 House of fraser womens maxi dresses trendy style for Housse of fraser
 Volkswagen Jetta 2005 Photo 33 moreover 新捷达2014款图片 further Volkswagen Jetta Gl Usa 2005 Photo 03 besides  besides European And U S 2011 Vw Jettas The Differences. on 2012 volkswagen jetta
==
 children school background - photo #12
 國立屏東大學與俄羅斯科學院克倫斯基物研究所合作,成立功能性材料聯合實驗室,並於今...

WORK INSTRUCTION
In the entries above, the lines from the one bearing "House of fraser" up to and including the one bearing "Volkswagen Jetta 2005" should be transcribed exactly; no other line is wanted.

REPLY TO THE EXERCISE
 House of fraser womens maxi dresses trendy style for Housse of fraser
 Volkswagen Jetta 2005 Photo 33 moreover 新捷达2014款图片 further Volkswagen Jetta Gl Usa 2005 Photo 03 besides  besides European And U S 2011 Vw Jettas The Differences. on 2012 volkswagen jetta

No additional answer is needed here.